Preferably, in order to enable the part fixing device to have higher stability and have a more stable and reliable fixing function for the tubular part, the number of the locking pull rods is four, the four locking pull rods are uniformly distributed on the peripheries of the through holes of the first fixing plate and the through holes of the second fixing plate, external threads are respectively arranged at two ends of each locking pull rod, and two ends of each locking pull rod are connected with corresponding locking nuts after respectively penetrating through corresponding through holes in the first fixing plate and corresponding through holes in the second fixing plate.

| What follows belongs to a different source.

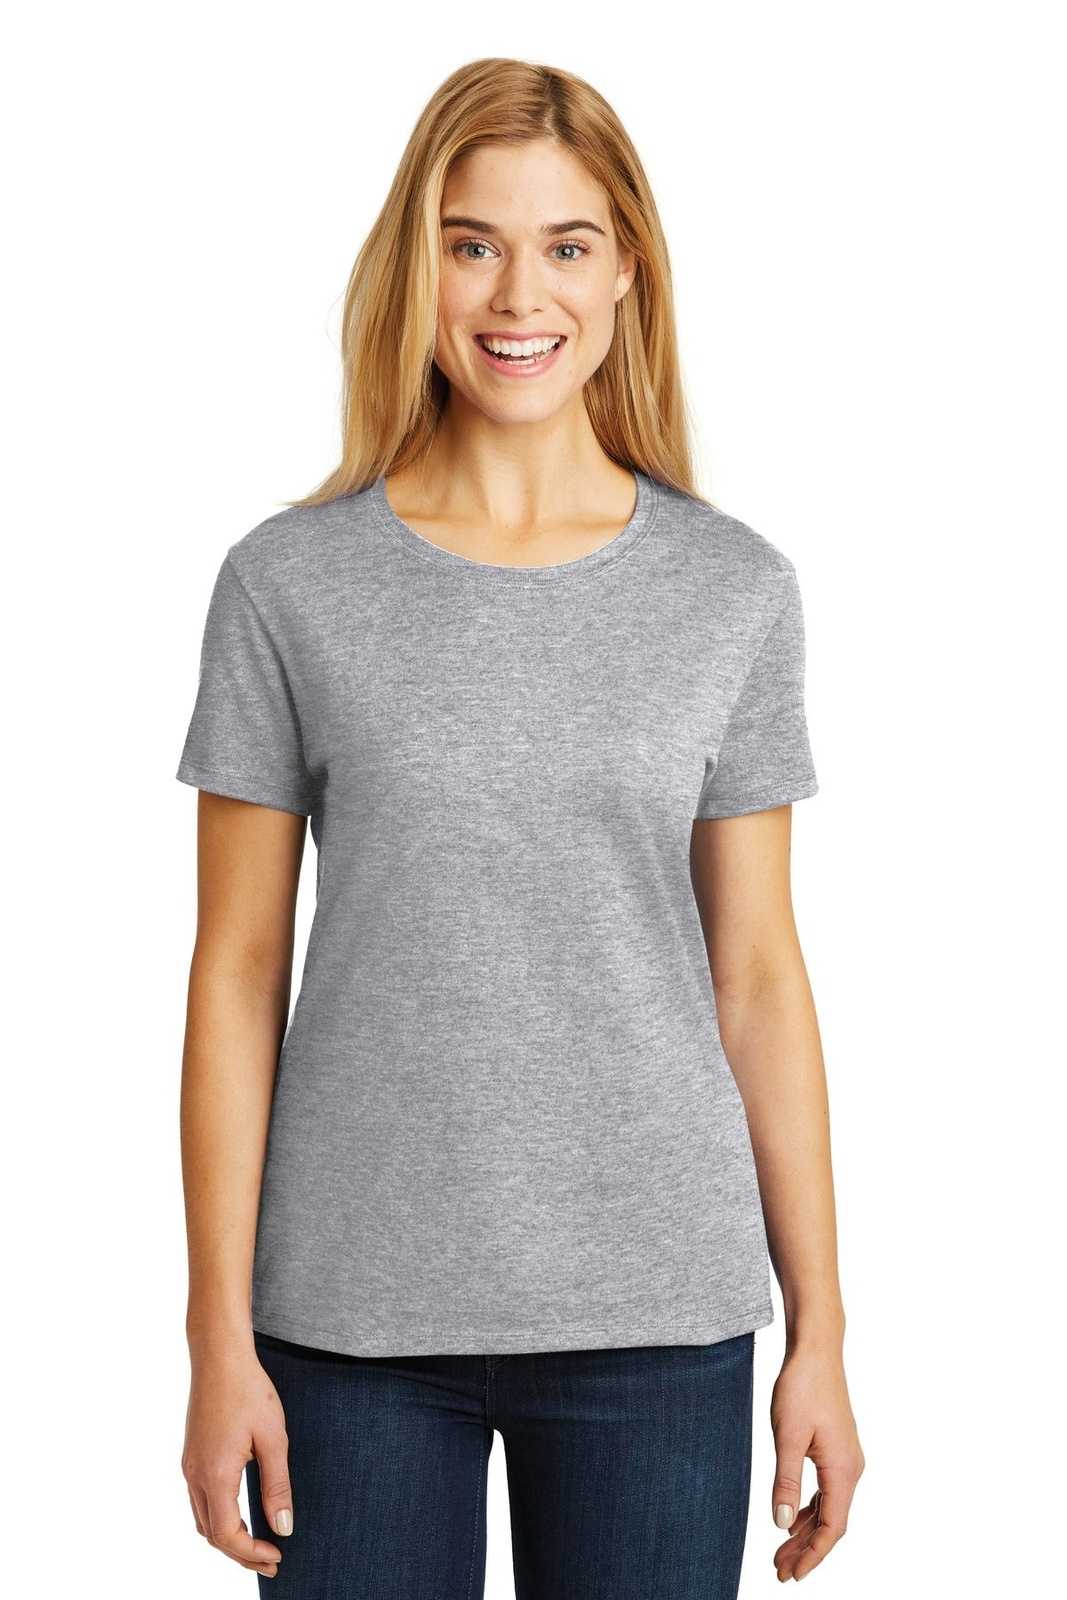 Hanes SL04 Ladies Nano-T Cotton T-Shirt - Light Steel - HIT a Double

Preferably, in order to control the rotation speed of the terahertz probe more stably and reliably, the rotating shaft of the rotation driving motor is connected with the rotating bracket through a speed reducing mechanism. The speed reducing mechanism can be the simplest gear transmission structure, such as: a rotating shaft of the rotary driving motor is connected with the small-diameter gear, the large-diameter gear is installed on the rotary support, and the small-diameter gear is meshed with the large-diameter gear; in order to save space, the large-diameter gear can adopt a circular ring gear arranged on the surface of one side of the rotating support, and the central axial direction of the small-diameter gear is perpendicular to the plane of the large-diameter gear, so that the speed reduction transmission function can be realized. Meanwhile, the middle part of the rotating support is provided with a connecting shaft, and the connecting shaft is connected with the corresponding through hole on the first mounting seat through a rolling bearing, so that the rotating support can be positioned and mounted and can rotate freely.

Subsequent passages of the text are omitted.